Thalassa bukan tidak menyukai mereka. Hanya saja dia merasa tidak nyaman saat ditatap tajam oleh Shanks dan tidak nyaman saat bermain dengan Uta.

Gadis berambut perak itu suka bermain masak-masak atau bermain boneka seperti anak kecil pada umumnya, Thalassa juga suka menggambar saat Uta mengajaknya melakukannya dan meminjamkannya krayon atau pensil warna miliknya. Hal-hal yang tidak pernah dia rasakan sebelumnya sebagai anak berusia 5 tahun akhirnya terwujud. Untuk pertama kalinya dia merasa hidupnya normal.

Namun entah ini perasaannya saja atau bukan, tapi perlakuan Uta padanya sedikit aneh. Dia tidak mau protes, sebab gadis itu adalah putri kapten, dan sudah seharusnya Thalassa bersyukur Uta mau mengajaknya bermain serta meminjamkan mainannya.

“Tunggu! Jangan gunakan pakaian yang itu!” Uta tiba-tiba berseru dan mengambil secarik pakaian boneka Barbie yang baru saja diraih oleh Thalassa dari box mainan. “Gunakan yang ini saja. Itu cocok untuk boneka Barbie-mu!” lanjutnya seraya memberikan beberapa carik pakaian lain kepadanya.

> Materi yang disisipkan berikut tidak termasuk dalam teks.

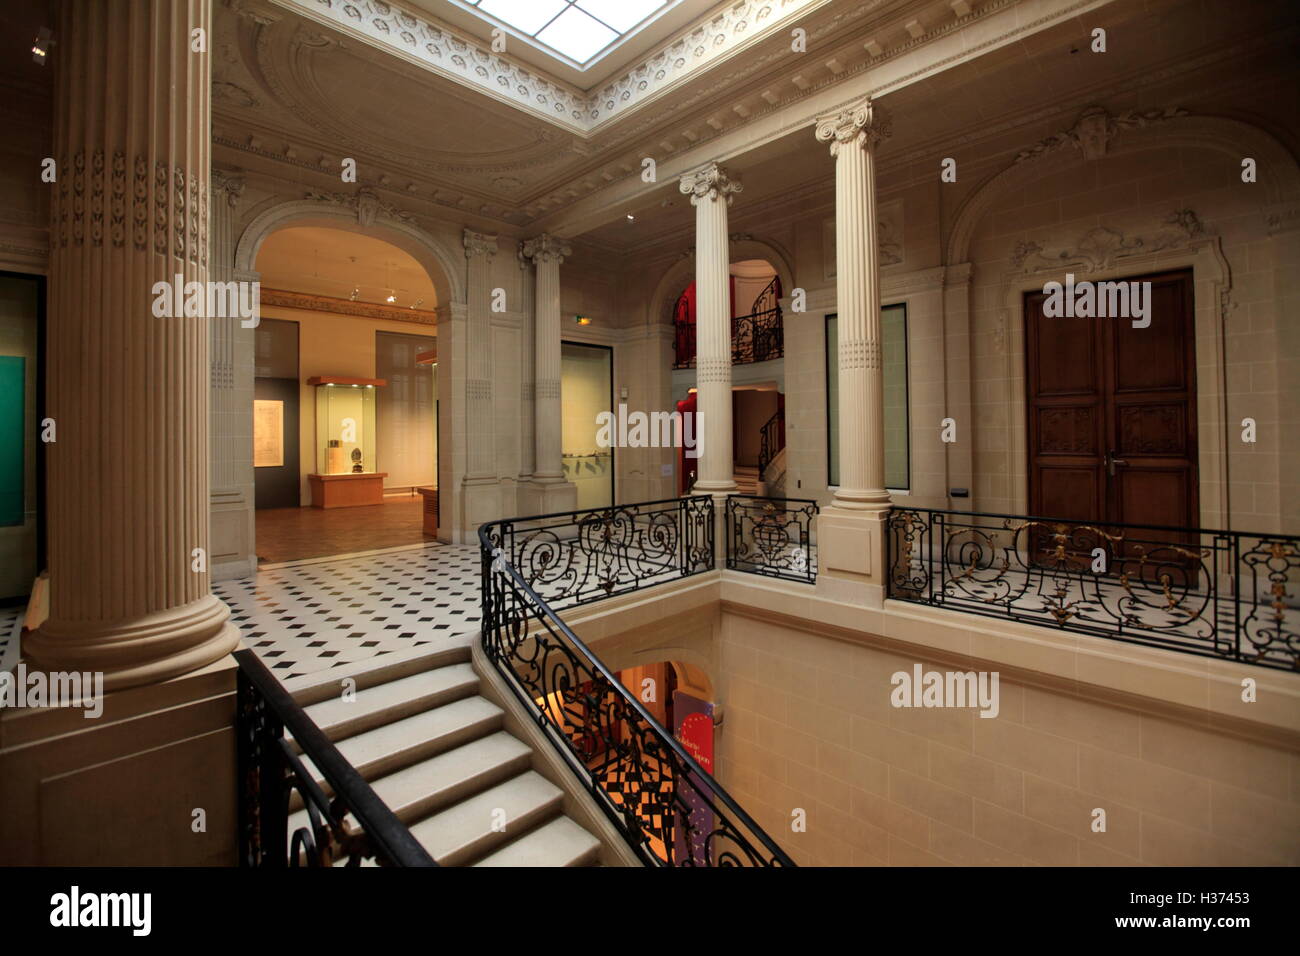 Die Innenansicht der Galeries du Pantheon Bouddhique des Museum Guimet.Paris. Frankreich Stockfoto

Thalassa mengangguk. Tidak berkomentar apa-apa saat dia sadar jika pakaian yang barusan dia ambil terlalu bagus untuk boneka Barbie yang tangannya telah patah dan hilang entah ke mana. Uta bilang, boneka itu adalah boneka Barbie pertamanya saat dia berusia 5 tahun. Sedangkan boneka yang tengah gadis itu pegang adalah barang baru yang dibeli beberapa bulan lalu oleh ayahnya.

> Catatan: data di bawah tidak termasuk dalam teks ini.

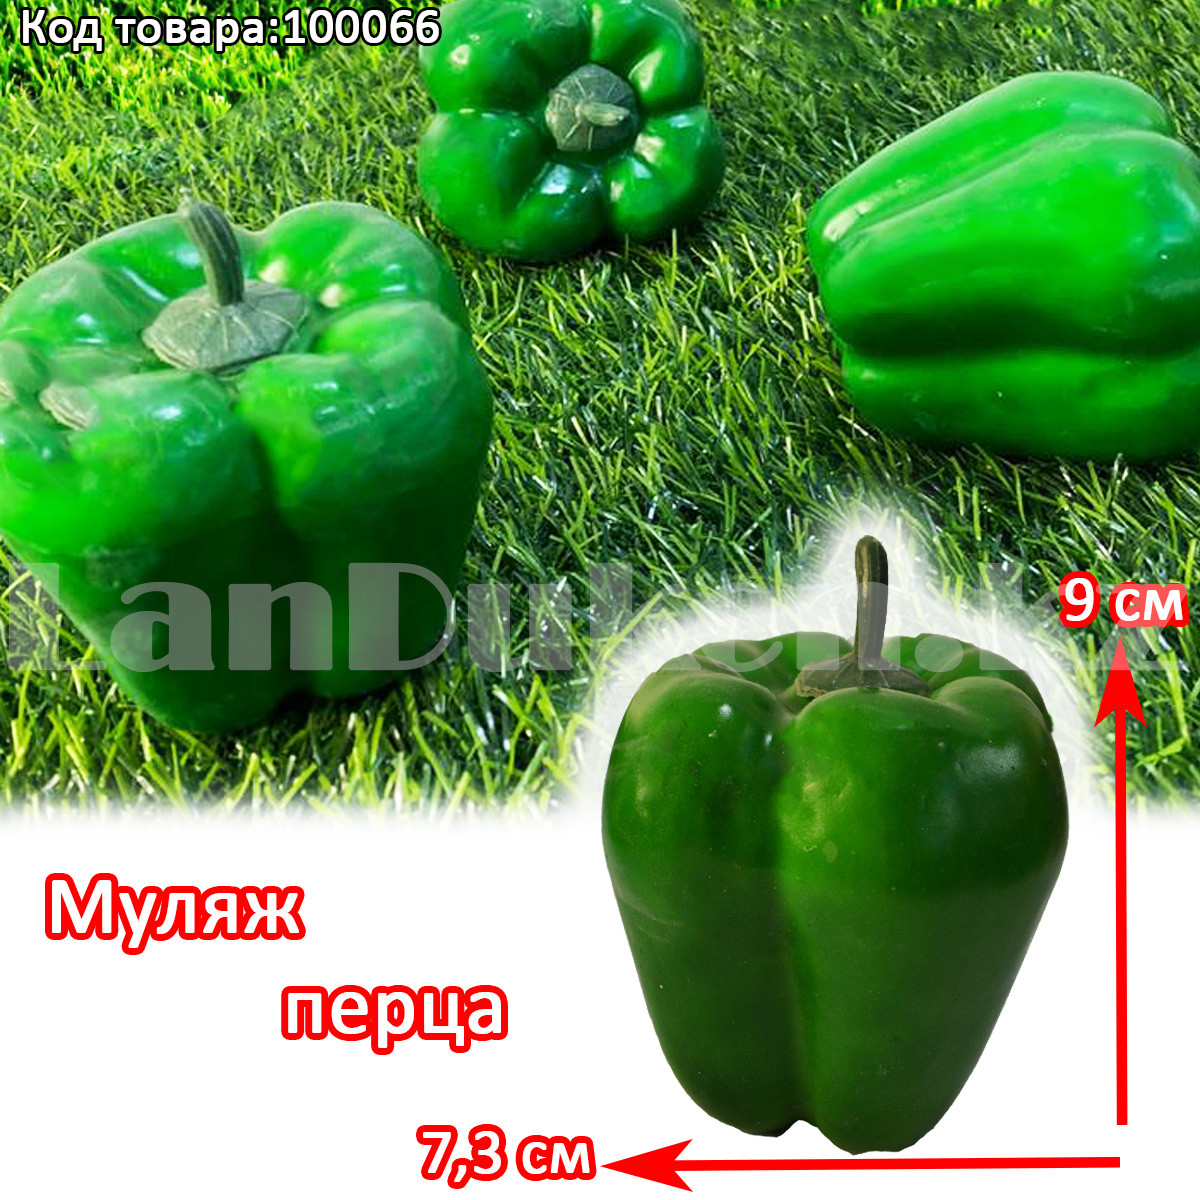 Искусственный болгарский перец декоративный муляж маленький зеленый 9х7,3 см

“Kau tahu, beruntung aku belum membuangnya. Sehingga kau bisa bermain boneka denganku,” kata Uta seraya menyisir rambut pirang boneka Barbie di tangannya. “Sebab kata Ayah, barang-barang yang sudah rusak sebaiknya harus segera dibuang.”

Thalassa menatap Uta lekat-lekat. Dia jadi teringat dengan ucapan orang-orang di desanya dulu. Tentang dirinya yang hina seperti sampah dan tempat yang pantas baginya hanyalah tempat sampah itu sendiri. Saat Uta mendongak, Thalassa cepat-cepat menunduk dan membetulkan pakaian boneka Barbie yang terlihat sudah usang dan banyak noda spidol di bagian rok gaunnya.

“Ngomong-ngomong Thala, apa benar kau bukan anaknya Paman Benn?” Uta tiba-tiba bertanya. Mereka saling bertatapan. Iris violetnya bertabrakan dengan iris biru lautnya.

“Bu—bukan. Dia bukan ayahku.”

“Lalu siapa orang tuamu? Kenapa mereka membiarkan Paman membawamu?” tanya Uta sekali lagi.

Thalassa meremas lututnya. Dengan hati-hati dia menjawab, “Ibuku sudah meninggal sejak aku berusia 3 tahun. Lalu ayahku ... Aku tidak terlalu mengingatnya, tapi kata Ibu dia seorang pedagang kain sutra. Ayah tidak pernah kembali lagi karena hanyut bersama kapalnya dan tidak ada satupun orang yang selamat.”

Uta mengedipkan matanya. Dia sedikit menyesal telah bertanya. “Kau sedih? Bagaimana rasanya tidak memiliki orang tua?” tanyanya.

Remasan di lututnya merenggang. Thalassa menatap Uta datar. Dia tidak menyangka akan mendapatkan pernyataan yang sulit seperti ini. Lebih sulit ketimbang ditanya apa tulisan komposisi makanan yang ada di balik kemasan.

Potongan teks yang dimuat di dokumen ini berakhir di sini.